Recent work from our group shows that there is a linear correspondence between the 1000-500 hPa column warming in the Arctic in winter and the increase in the Siberian High Index (SHI) in a variety of climate model experiments, such as forced 1) with sea-ice loss (both in atmosphere-only and coupled models) and 2) by nudging the temperature variability in the atmospheric column of the high Arctic to projected temperature variability from future states of the ensemble mean of CESM1-LENS (without any other forcing). We also included an ensemble of AMIP experiments (forced by chronology of SST and sea-ice) as well as AMIP experiments with the addition of nudging the high-Arctic temperature variability in the atmospheric column to that from reanalysis. Only the pure AMIP ensemble is an outlier showing insignificant response in the SHI whereas when the nudging is included, the linear relation is strong. We have now included other PAMIP model experiments in Fig. 4 in Labe et al (2020) and they confirm the earlier result that sea-ice forcing by itself results in warming that is confined to the surface with little change in the Arctic mid-troposphere (~700 hPA) and thus little response in the SHI resulting in insignificant surface winter cooling in Eurasia. Similarly, SST warming outside the Arctic results in weak warming in the mid-troposphere Arctic and thus little change in the SH and weak Arctic-midlatitude teleconnection, albeit in an atmosphere-only model (AMIP).

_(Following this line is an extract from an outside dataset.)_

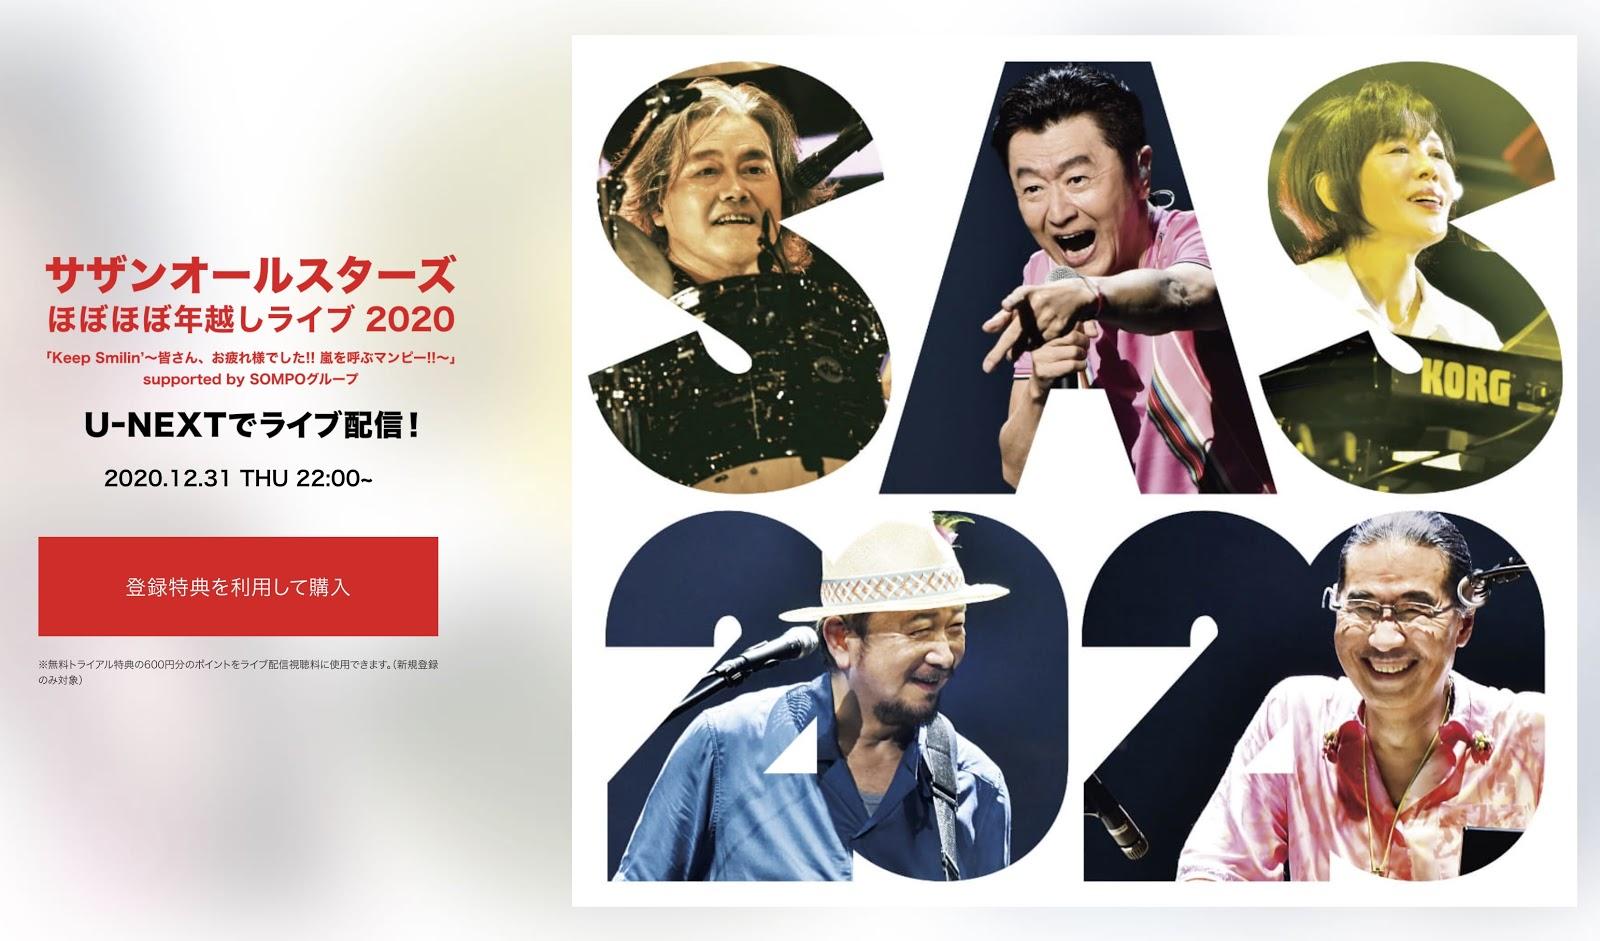 サザンライブU-NEXT

Here we further explore the available large ensembles including PAMIP, the new collection of initial-condition large ensembles, and CMIP6 to examine connections between different variables, focusing on the connection between mid-tropospheric Arctic warming (T_700), the SHI, strength of the stratospheric polar vortex and the warming in the tropical upper troposphere. This will be supplemented with an analysis of the interannual variability in the seasonal evolution of these variables from late fall through winter. We expect that Arctic to midlatitude teleconnections are intermittent and the aim is to identify “windows of opportunity” when this connection is strong, followed by composite analysis for hypothesis testing. The long-term aim of this line of research is to supplement the data analysis with perturbation experiments to verify mechanisms.